You can initialize your experiment directory by calling python experiment.py init. This additionally prints the configuration. Note how pt.io.get_new_storage_dir created a new unused experiment dir and how pt.Trainer.get_config filled in the configuration values that we didn't specify. In a colored terminal you can see which values were added and modified compared to the default configuration (i.e., defined by the config scope).

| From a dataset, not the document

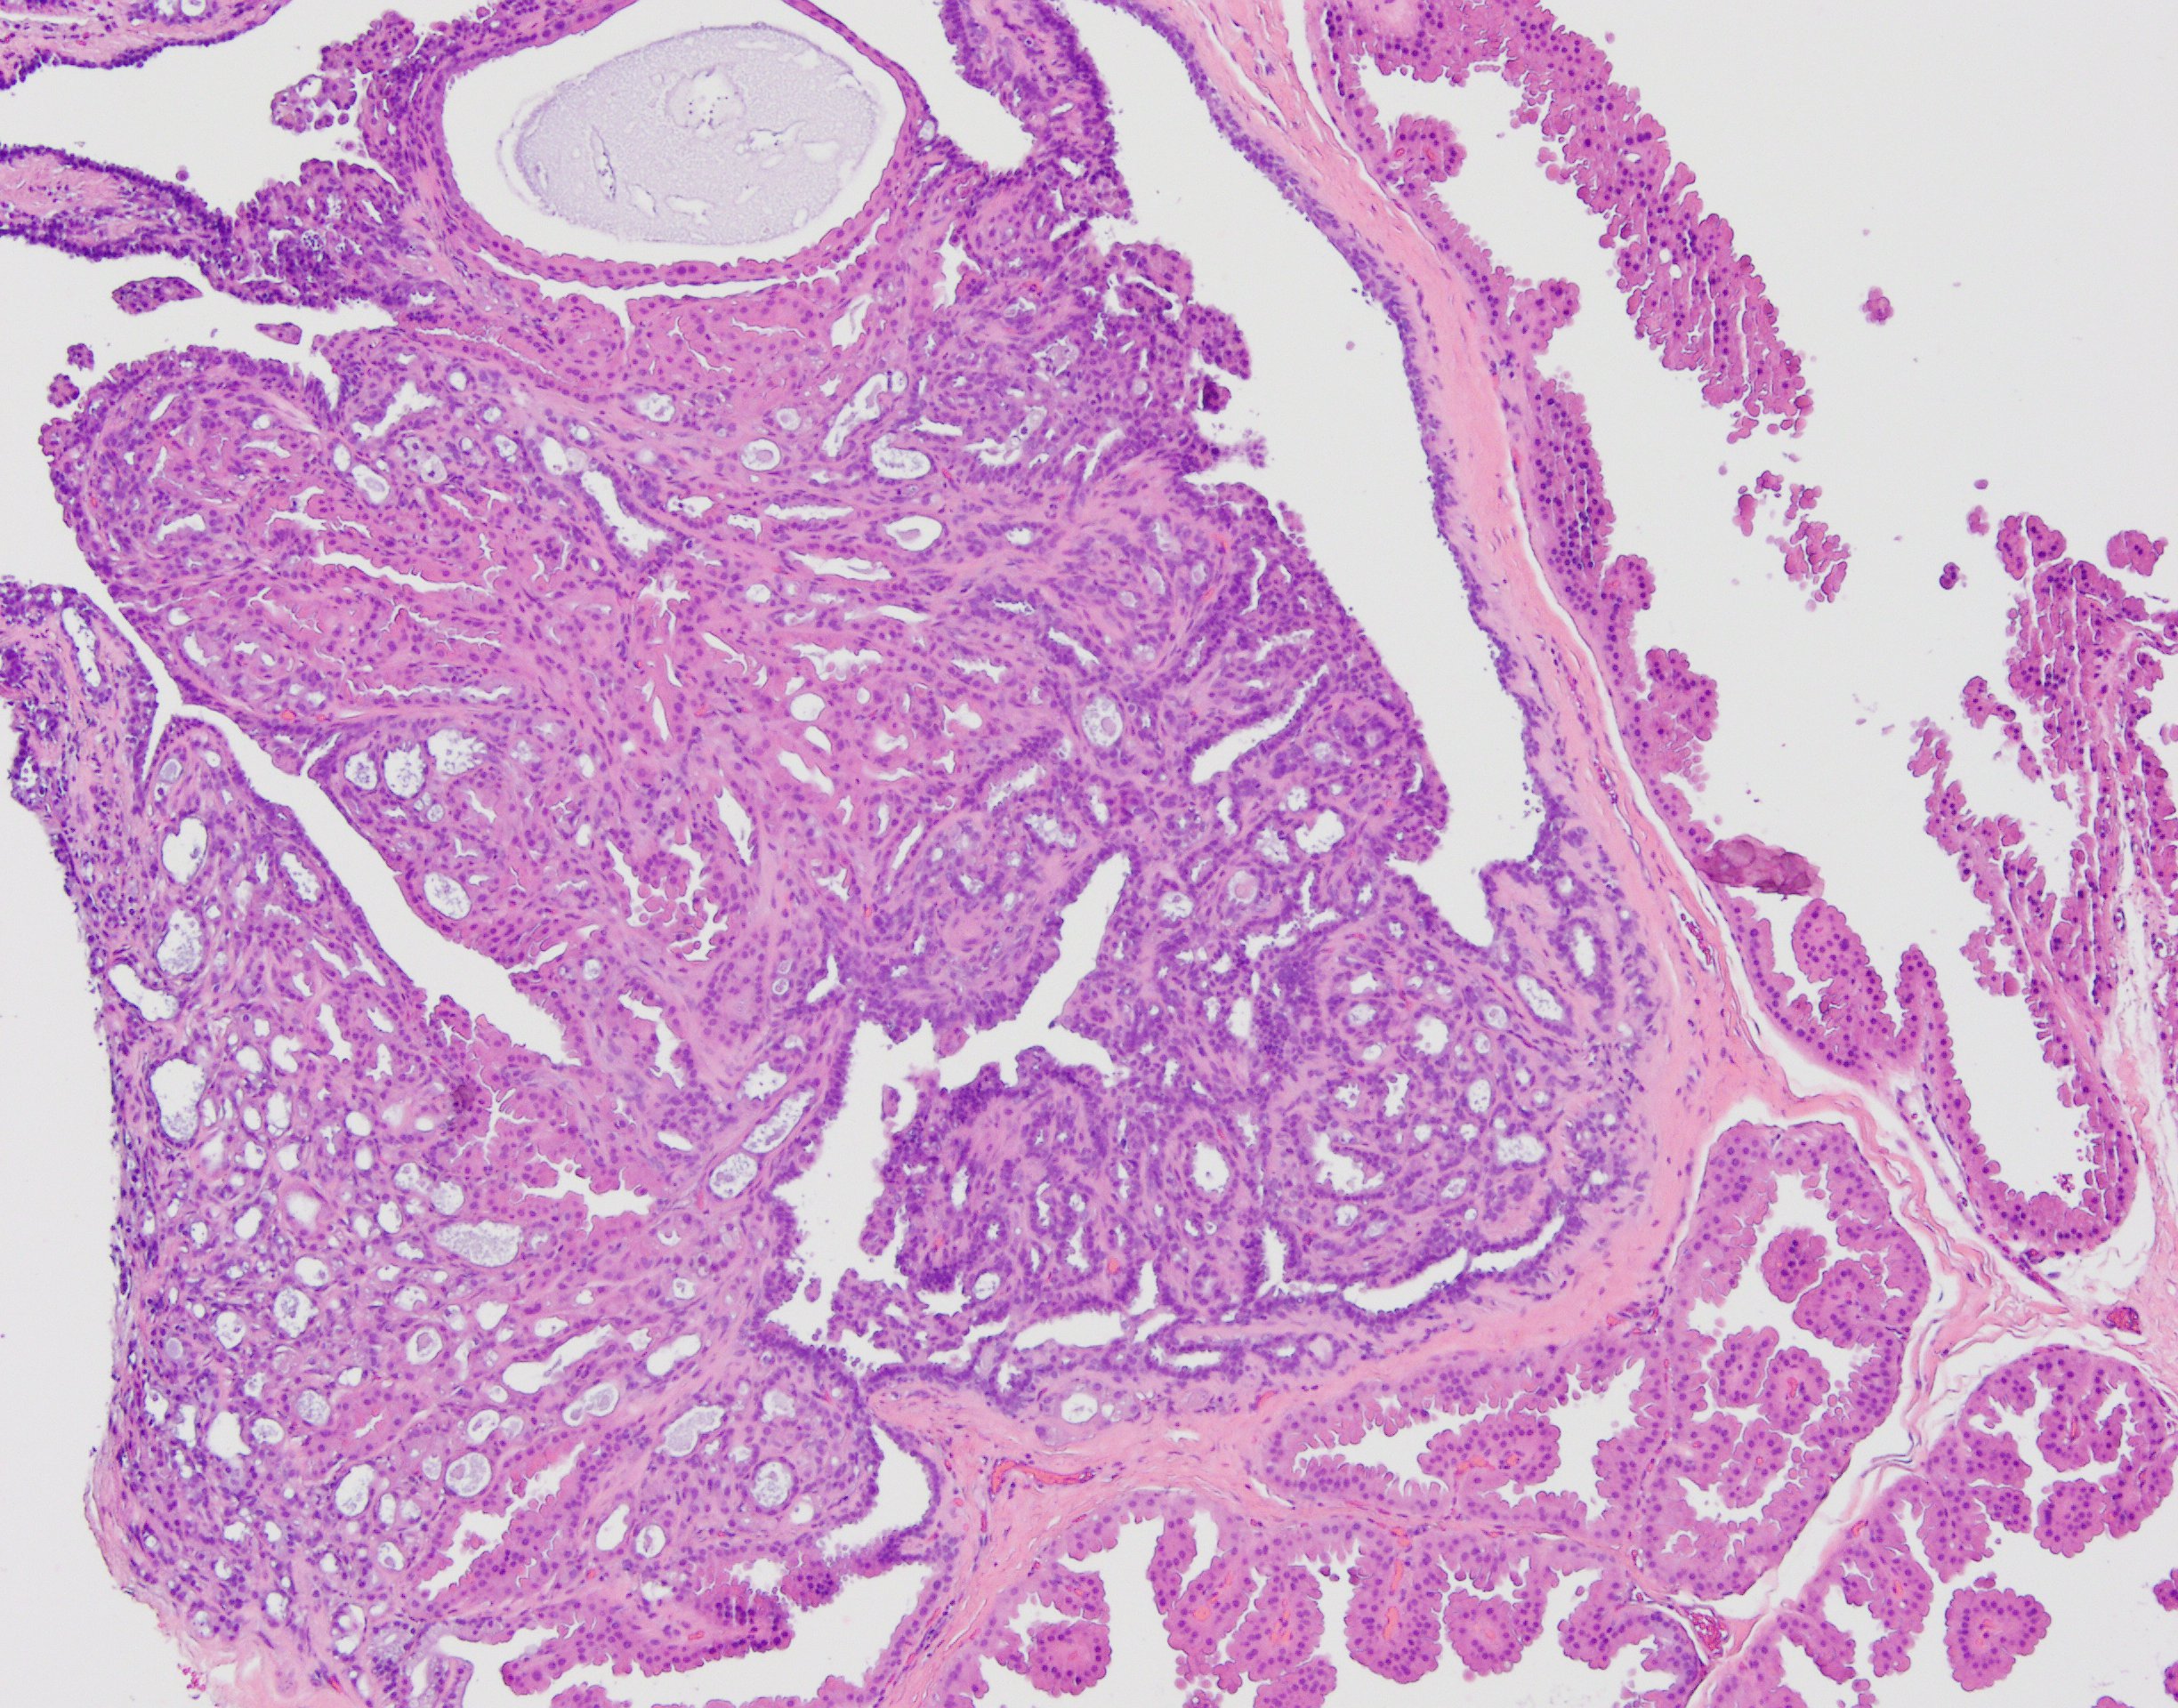 Atypical papillary neoplasm - Papillary lesion with apocrine metaplasia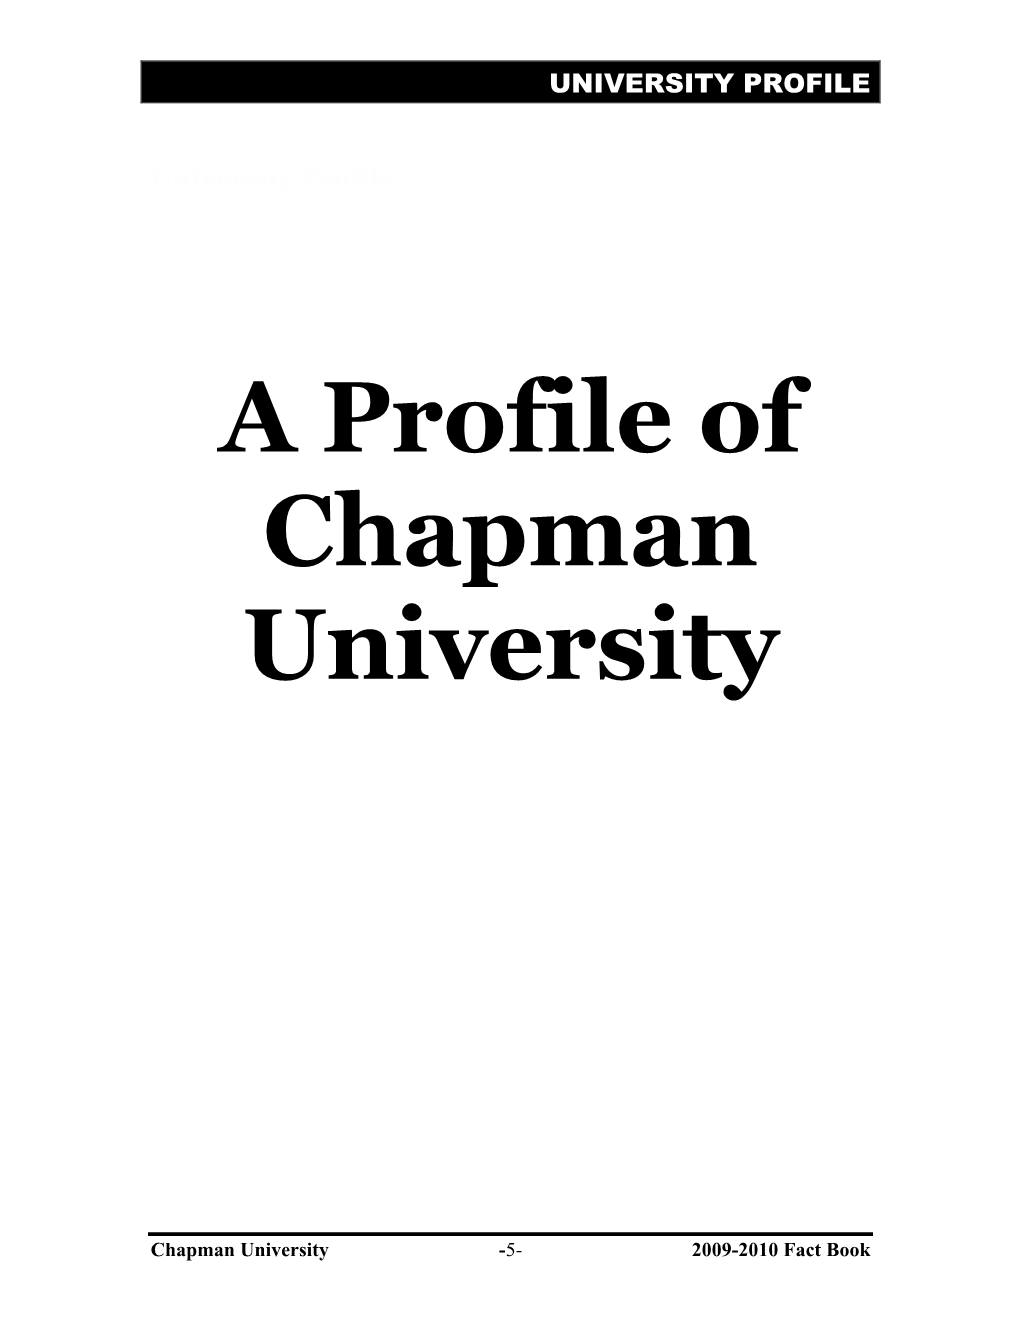 A Profile of Chapman University

$ python experiment.py init
INFO - my-experiment-name - Running command 'init'
INFO - my-experiment-name - Started
Configuration (modified, added, typechanged, doc):
  """
  This function contains the configuration of the experiment. All local 
  variables in this function will be captured by sacred and used as 
  configuration values.
  """
  seed = 547702770                   # the random seed for this experiment
  trainer:                           # later
    checkpoint_trigger = [1, 'epoch']
    factory = 'padertorch.train.trainer.Trainer'
    loss_weights = None
    stop_trigger = [1, 'epoch']
    storage_dir = '/your/storage/root/my-experiment-name/1'
    summary_trigger = [1, 'epoch']
    virtual_minibatch_size = 1
    model:
      factory = 'MyModel'
      num_layers = 2
    optimizer:
      amsgrad = False
      betas = [0.9, 0.999]
      eps = 1e-08
      factory = 'padertorch.train.optimizer.Adam'
      gradient_clipping = 10000000000.0
      lr = 0.001
      weight_decay = 0
INFO - my-experiment-name - Completed after 0:00:00

Once you initialized the experiment's storage directory with the init command, you can start the experiment by calling:

$ python experiment.py with /path/to/the/experiment/storage/dir/config.json

Accessing information stored by sacred and the Trainer

In addition to the information stored by the FileStorageObserver, the pt.Trainer stores training checkpoints. The resulting structure looks like this:

.                       # The storage dir
├── config.json         # Config saved by ourselves for pt.Model.from_storage_dir
├── checkpoints         # This directory contains the model and trainer checkpoints
│   ├── ckpt_<iteration_number>.pth
│   ├── ckpt_best_loss.pth  # Symlink to best checkpoint judged by validation loss
│   └── ckpt_latest.pth     # Symlink to latest checkpoint 
└── sacred              # Sub-folder for the FileStorageObserver
    ├── 1               # A Unique ID created by the observer to handle multipe runs in the same storage dir (e.g., resume)
    │   ├── config.json     # Configuration of this run
    │   ├── cout.txt        # Captured stdout and stderr streams
    │   ├── metrics.json    # Reported metrics (not used by the trainer, so this file is typically empty)
    │   └── run.json        # Information about the run, such as time, host info, git status, imported packages ...
    └── _sources                  # The _sources folder can contain source files that are not checked into git
        └── experiment_544d3ddcc21032c781ad70f6aa728f18.py

Once you created and trained a model with a script similar to the above example, you can easily access the trained model with:

import padertorch as pt
model = pt.Model.from_storage_dir('/path/to/the/storage/dir')

Note that we have to save the configuration manually for this to work because the FileStorageObserver doesn't save the configuration in a fixed folder.